**WHAT THE TASK ASKS**
As the answer, give exactly the lines of the records below from the one with "レゴ(LEGO) テクニック 車両輸送車 42098 車とカーキャリアのセットです" through the one with "Bovendien heeft het", ends included and pictures left out.

**MATERIALS PROVIDED**
● ● ● ● ●
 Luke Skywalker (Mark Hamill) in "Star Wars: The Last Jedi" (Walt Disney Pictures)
● ● ● ● ●
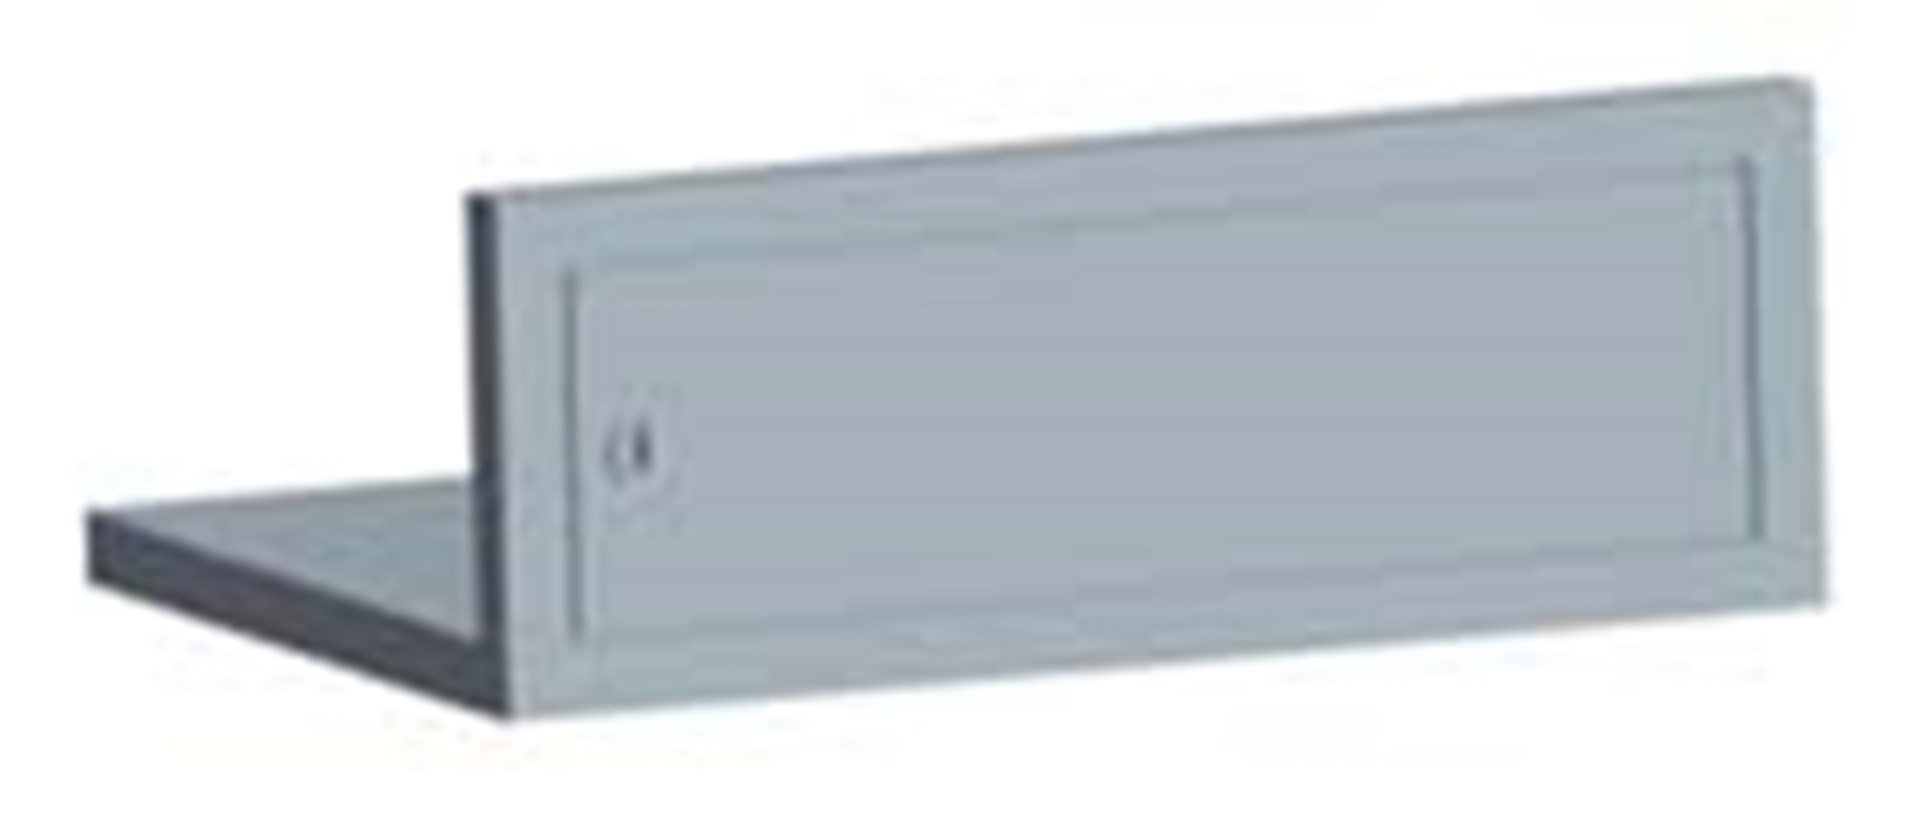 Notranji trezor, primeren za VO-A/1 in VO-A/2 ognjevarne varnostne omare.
● ● ● ● ●
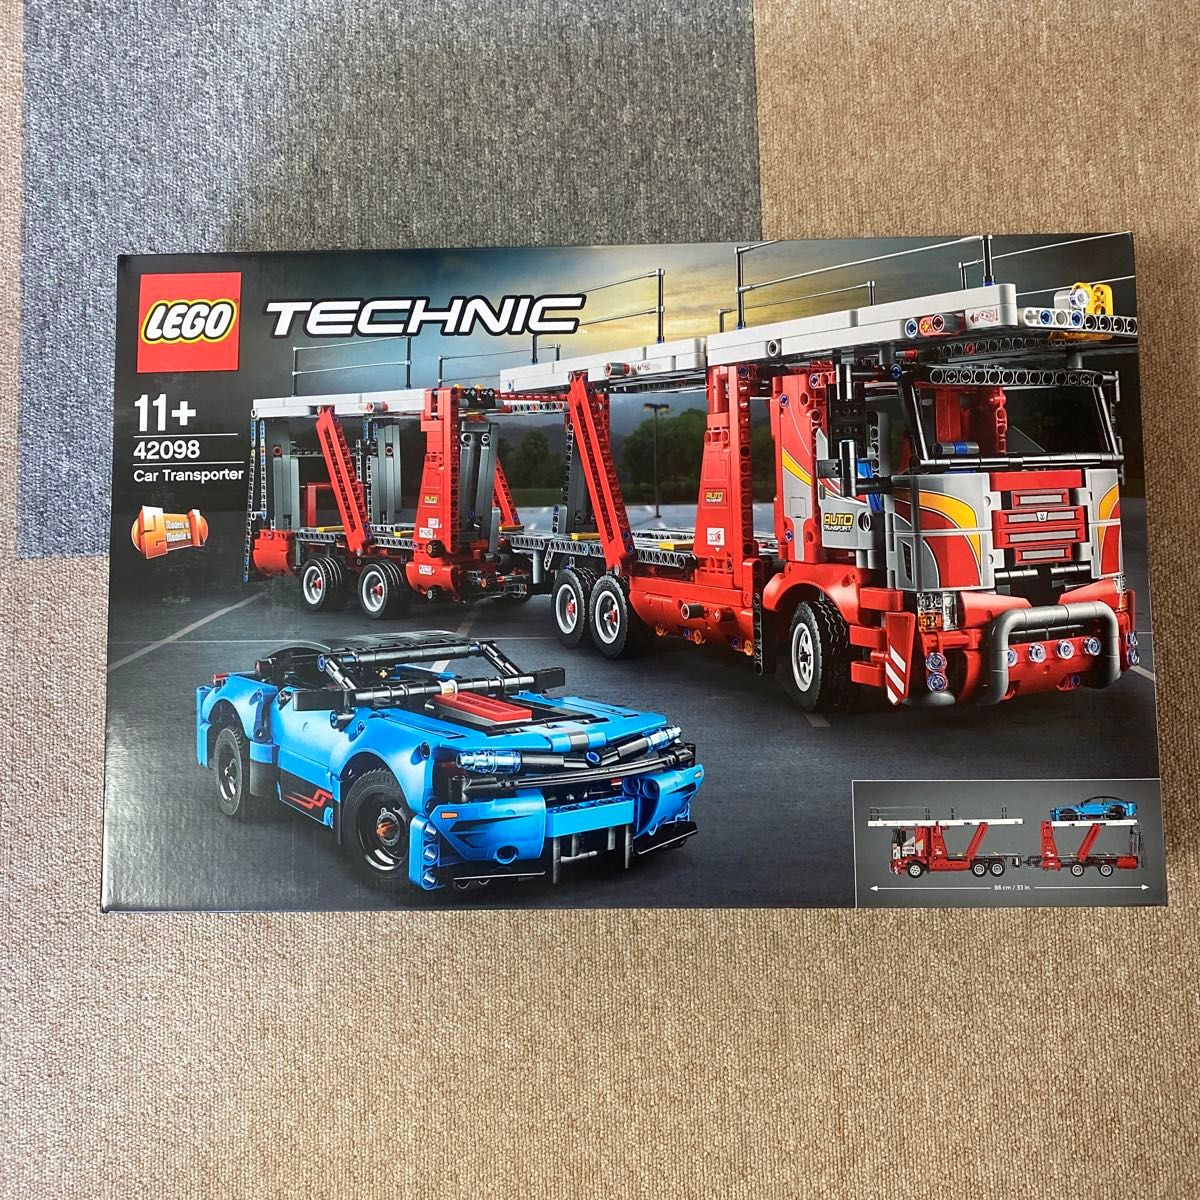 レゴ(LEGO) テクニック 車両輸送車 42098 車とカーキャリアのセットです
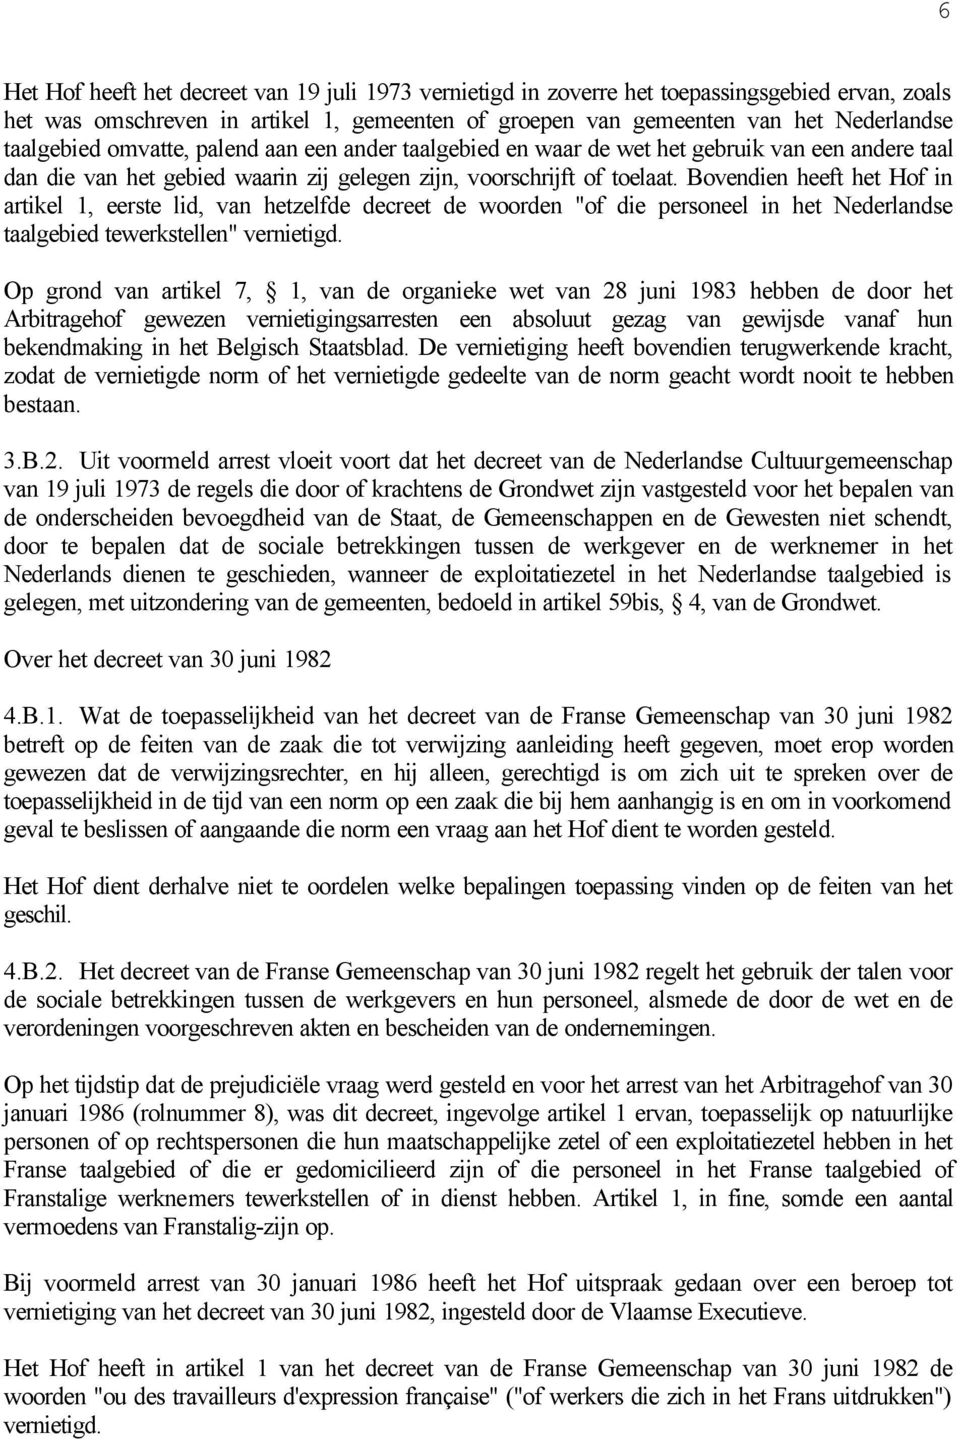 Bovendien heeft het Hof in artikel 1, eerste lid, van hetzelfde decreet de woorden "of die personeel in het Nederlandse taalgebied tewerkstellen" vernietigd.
● ● ● ● ●
**EXERCISE OUTPUT**
 レゴ(LEGO) テクニック 車両輸送車 42098 車とカーキャリアのセットです
 Bovendien heeft het Hof in artikel 1, eerste lid, van hetzelfde decreet de woorden "of die personeel in het Nederlandse taalgebied tewerkstellen" vernietigd.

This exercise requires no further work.